Emma searched for his gaze through the dusky flickers of candlelight. He was right. Maisey and the rest of her friends would think her insane if they knew about her visits with her former fiance. Her reputation would never recover from the scandal. “I don’t care,” she decided. “This is what we want, so what does it matter what everyone else thinks? You’re the only one I need.”
“No, Emma…” His features tied themselves into an anxious shape she’d never seen before. “I…don’t want this anymore.”
Her joy disappeared as if she’d been dunked beneath the autumn ocean. Her mouth opened, searching for words and failing to find any that made sense.
“You’re miserable, Emma,” he sighed. “We both need to move on.”
“No!” Emma startled at the volume of her own voice. “I waited for you, just like I will next year! I don’t mind, as long as we have Halloween night.”

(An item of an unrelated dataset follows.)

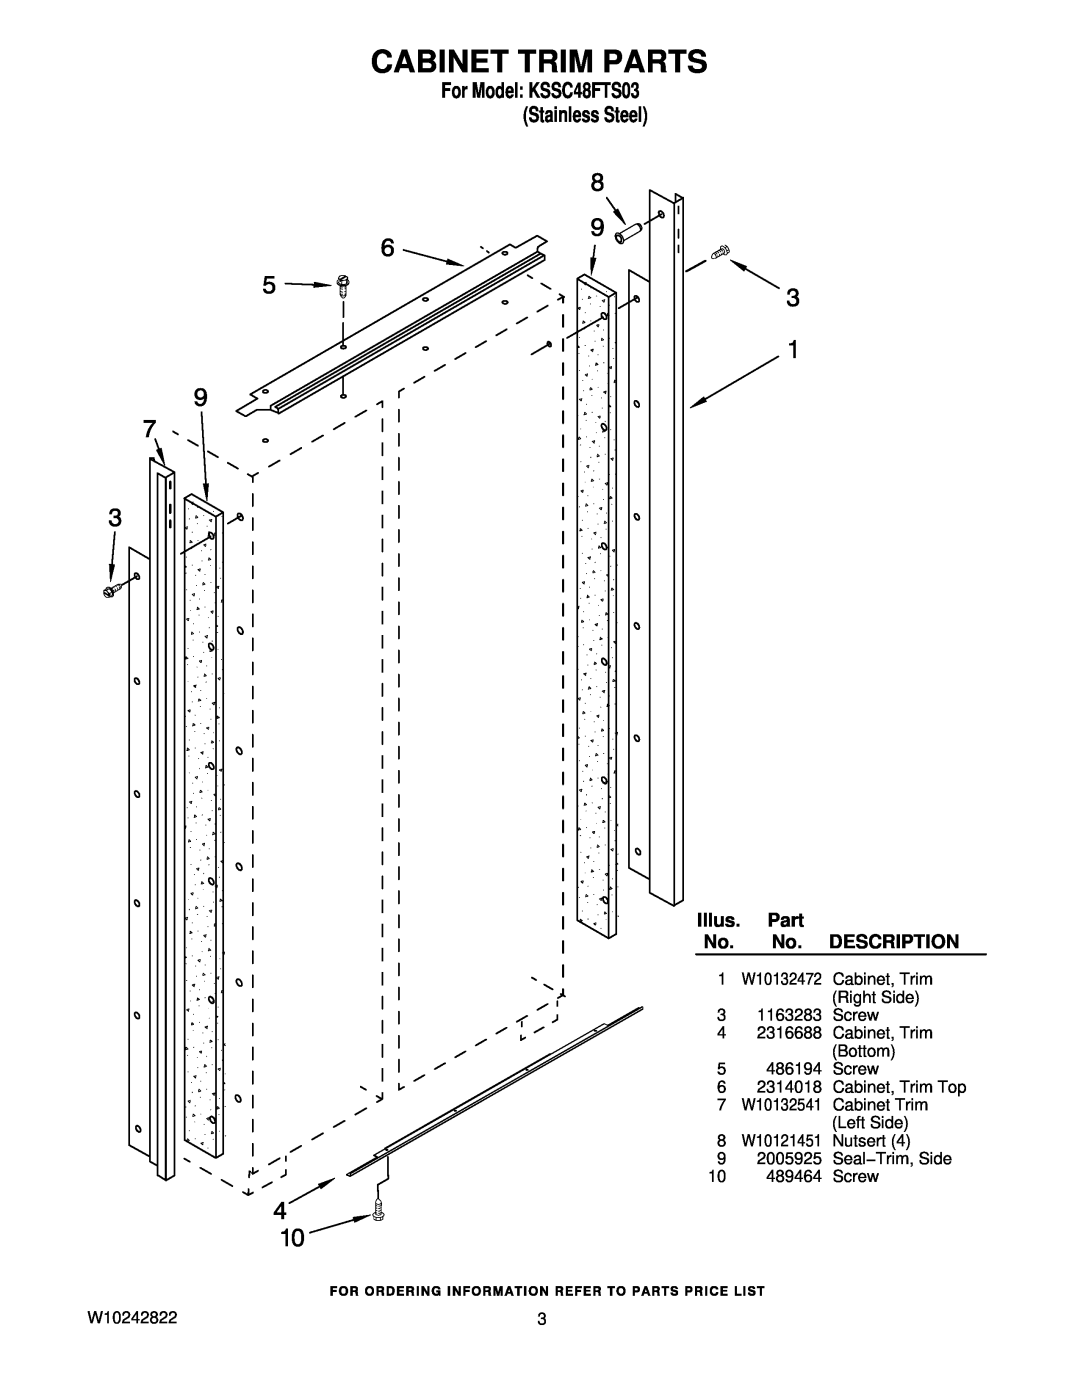 KitchenAid manual Cabinet Trim Parts, For Model KSSC48FTS03 Stainless Steel, Illus, Description

Three knocks echoed up through the floorboards from the front door below.
Emma held Clyde’s stare for a few seconds longer, sucking down the hurt with a deep breath. “Don’t you go anywhere,” she ordered. “I’ll be right back.”
***
Emma pounded down the stairs, the house moaning beneath each footfall like a living thing.
Her visitors were probably the same damn kids who pranked her each year. She lived in the so-called Halloween House, after all. The neighborhood entertained itself with tales of strange voices, inexplicable shadows, and slamming doors. Boys and girls in costume had taken it upon themselves to knock on the door during the dead of Halloween night as proof of their bravery.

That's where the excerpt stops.